Down-up permutations and associated Dyck paths. a A down-up permutation \(\sigma\) with lower entries 1, 2, 4,  and 5. b The Dyck path underlying the labeled path \(FV(\sigma )\in {\mathcal {D}}_4^{\prime \prime }\) associated with the down-up permutation given in A through the Françon–Viennot bijection. Lower (resp. upper) entries in the permutation determine up (resp. down) steps in the path. The height \(y_i\) of the ith up step in the path is given by \(y_i=2i - \ell _i\), where \(\ell _i\) is the ith largest lower entry of the alternating permutation

3 Heights in \({\mathcal {D}}_n, {\mathcal {D}}_n^{\prime },\) and \({\mathcal {D}}_n^{\prime \prime }\)

In this section, we study the random variables \(y_i=y(U_i)\) assuming uniform distributions over the three sets \({\mathcal {D}}_n,{\mathcal {D}}_n^{\prime }\) and \({\mathcal {D}}_n^{\prime \prime }\). Our goal is to measure how the different labeling schemes previously defined for the three classes \({\mathcal {D}}_n\) (no labels), \({\mathcal {D}}_n^{\prime }\) (labels for up steps), and \({\mathcal {D}}_n^{\prime \prime }\) (labels for both up and down steps) affect the probability distribution of the variables \(y_i\) and, in particular, the expectations \({\mathrm{E}}_n(y_i)\) for \(1\le i \le n\) (Fig. 4, left). To this extent, for each case \({\mathcal {D}}_n,{\mathcal {D}}_n^{\prime }\), and \({\mathcal {D}}_n^{\prime \prime }\) we consider three additional statistics: (1) \({\mathrm{m}}(n) = \max _{1\le i \le n}[{\mathrm{E}}_n(y_i)]\), (2) \(i^*(n)\), the position i where \({\mathrm{E}}_n(y_i)\) reaches its maximum value \({\mathrm{m}}(n)\), and (3) \({\mathrm{E}}_n(y_n)\), the expected length of the last descent in a random path of size n.
Fig. 4

Numerical values of \({\text{E}}_{n}(y_i)\), \(i^*(n)/n\), and \({\text{m}}(n)/n\). (Left) Plot of the expected value \({\text{E}}_{n}(y_i)\) (dots), where \(n=100\) and \(3 \le i \le 98\) (in steps of 5). Dashed lines give the approximations of \({\text{E}}_{n}(y_i)\) reported in the text: Eq. (8) for \({\mathcal {D}}_n\), Eq. (25) for \({\mathcal {D}}_n^{\prime }\), and Eqs. (41), (42) for \({\mathcal {D}}_n^{\prime \prime }\).
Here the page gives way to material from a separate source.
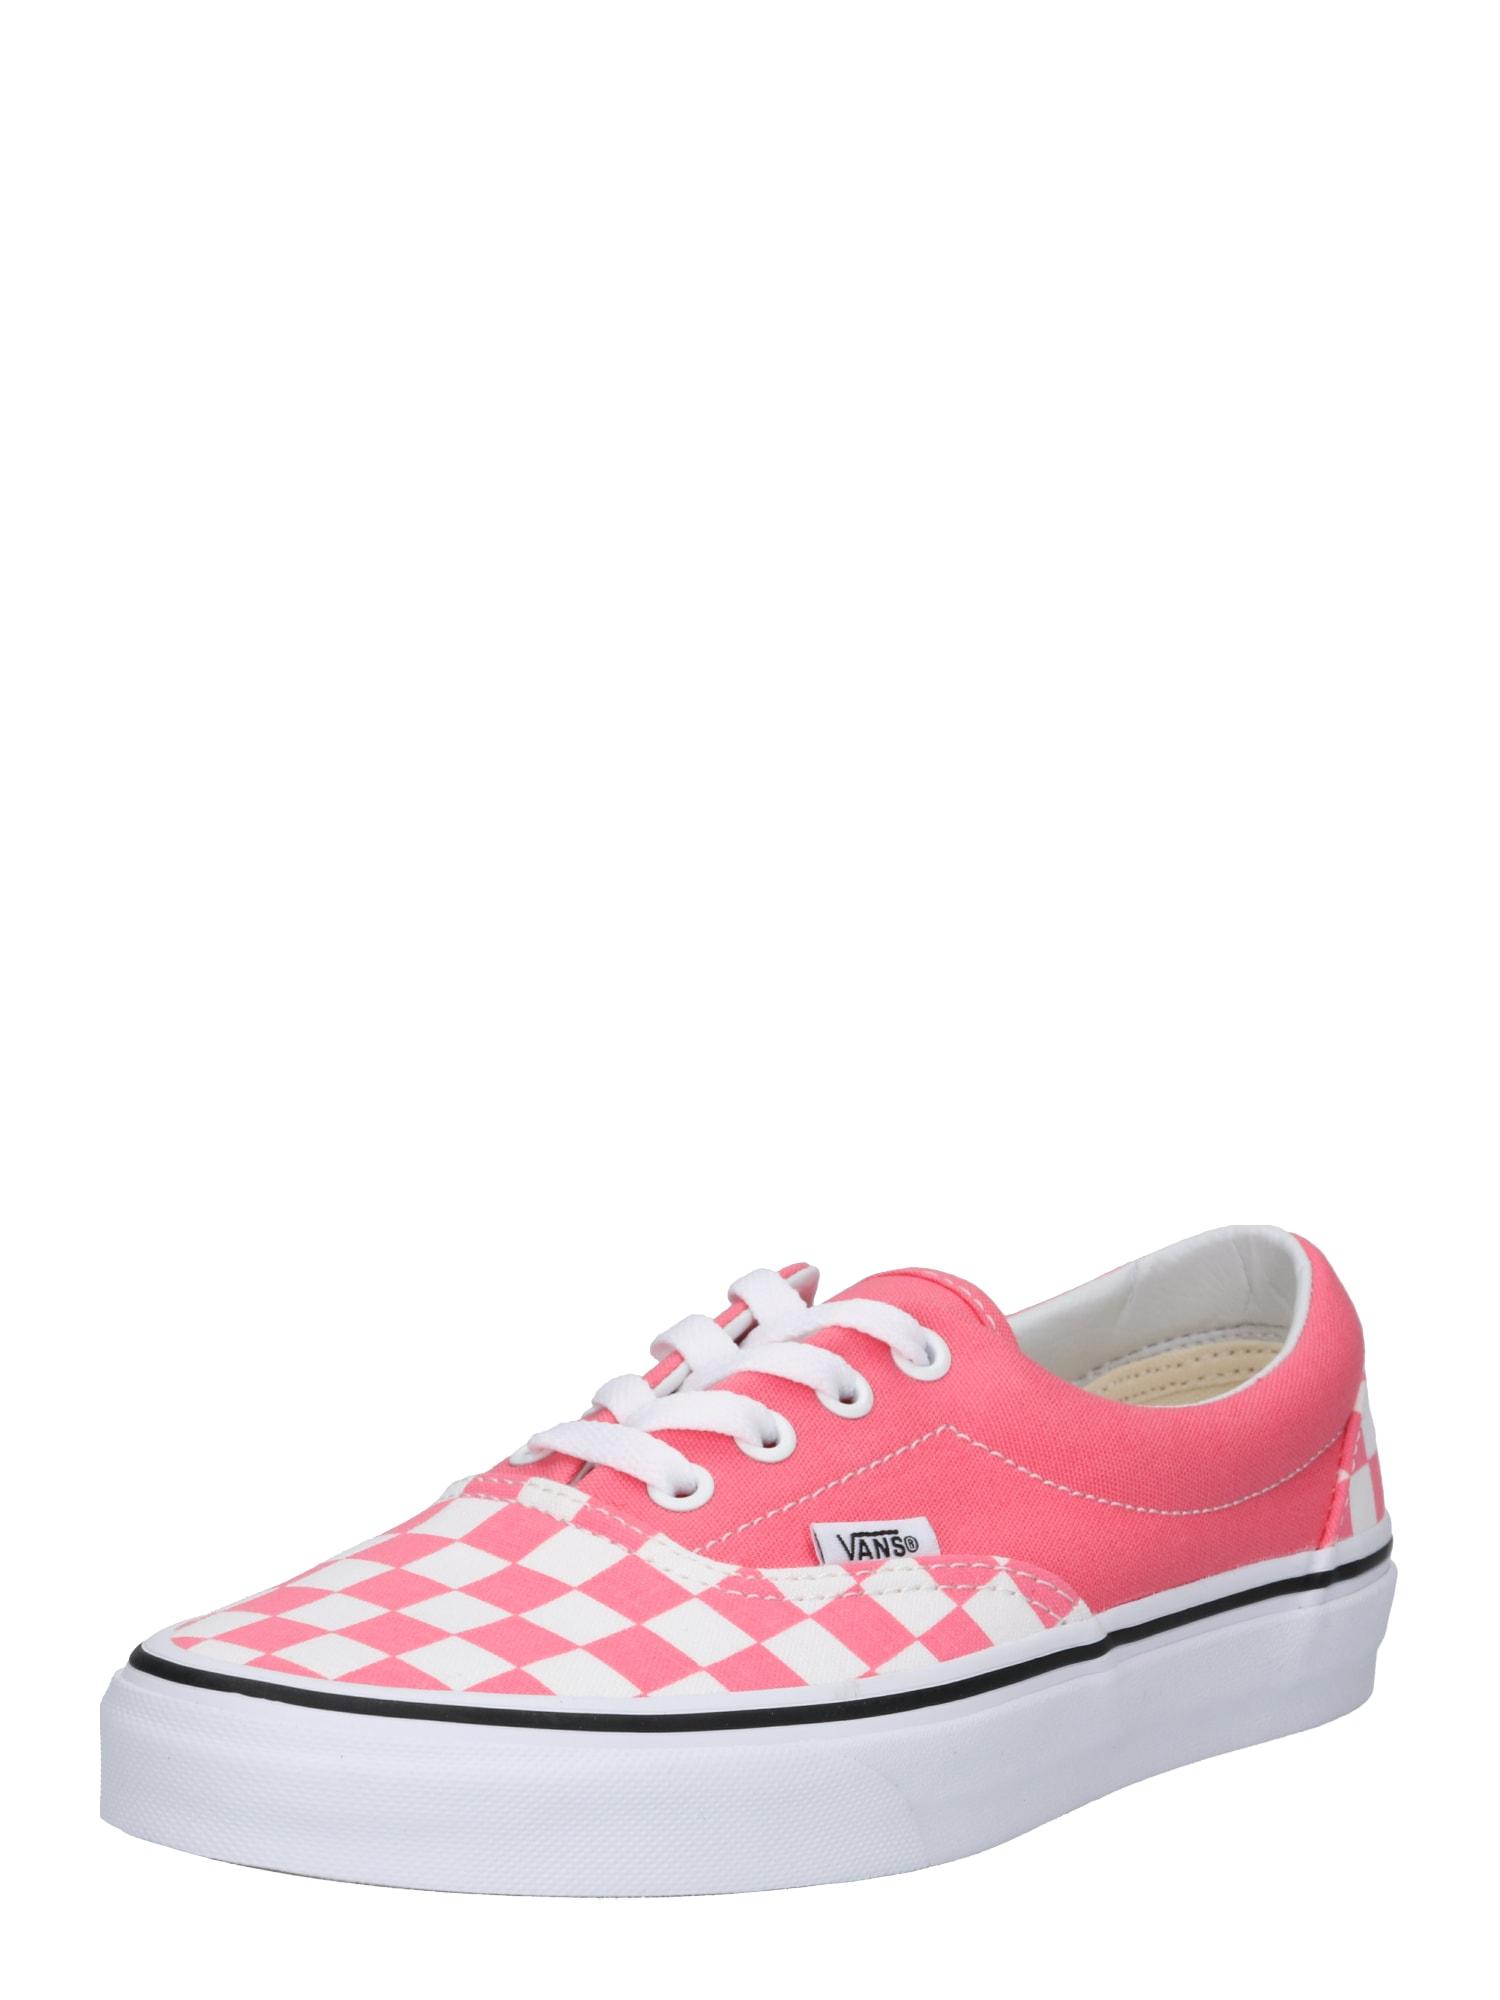 VANS, Dames Sneakers laag 'UA Era', pitaja roze / wit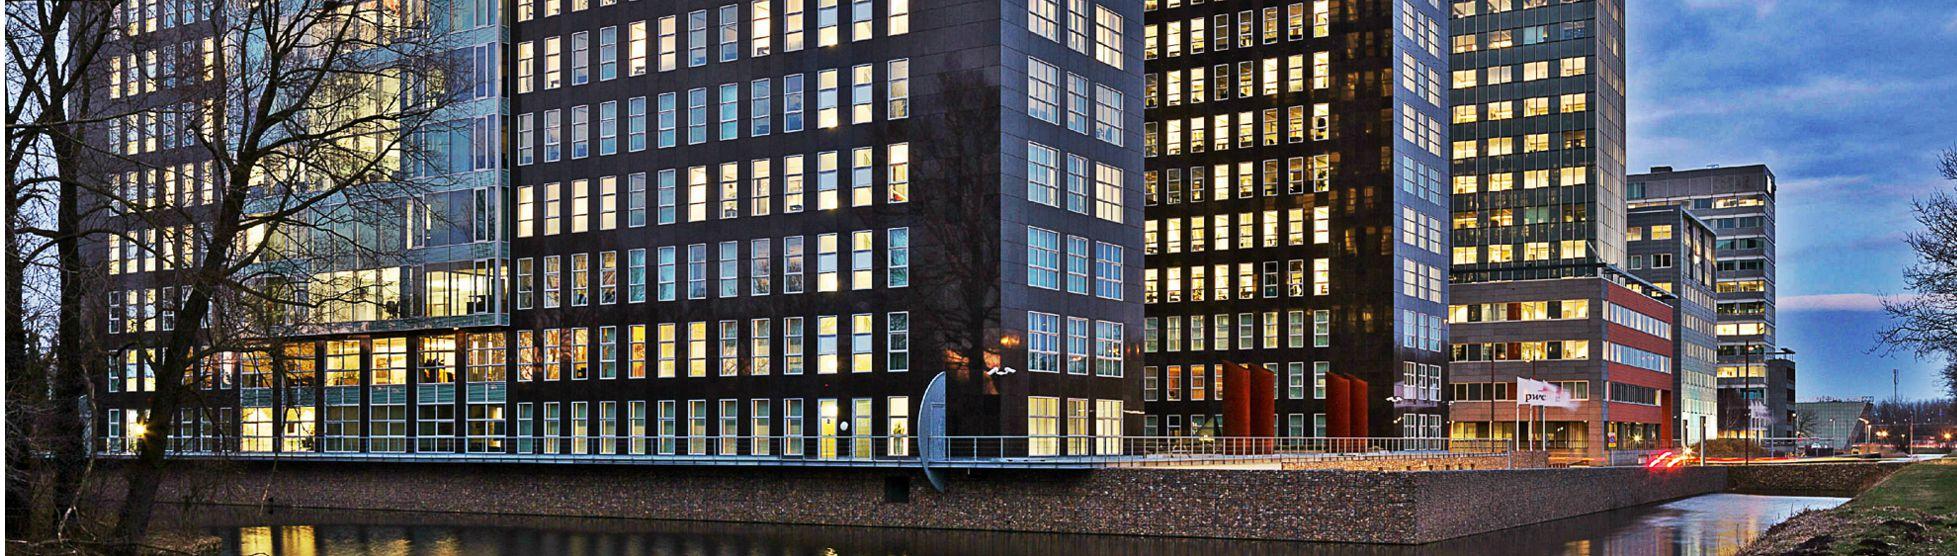 Price Waterhouse Coopers (PWC), Amsterdam

Bottom plot for paths in \({\mathcal {D}}_n\), middle plot for \({\mathcal {D}}_n^{\prime }\), and top plot for \({\mathcal {D}}_n^{\prime \prime }\). (Right) Plot of \(i^*(n)/n\) and \({\text{m}}(n)/n\) against 1/n for \(20 \le n \le 200\) (in steps of 20). Bottom plot for \({\text{m}}(n)/n\) in \({\mathcal {D}}_n^{\prime }\), second plot for \({\text{m}}(n)/n\) in \({\mathcal {D}}_n^{\prime \prime }\), third plot for \(i^*(n)/n\) in \({\mathcal {D}}_n^{\prime }\), and topmost plot for \(i^*(n)/n\) in \({\mathcal {D}}_n^{\prime \prime }\). When n increases, numerical values approach the constants reported in the text: 1/2 in Eq. (27), \((1+\sqrt{17})/8 \approx 0.64\) in Eq. (43), 3/4 in Eq. (26), and \((1+\sqrt{17})/8 \approx 0.82\) in Eq. (44)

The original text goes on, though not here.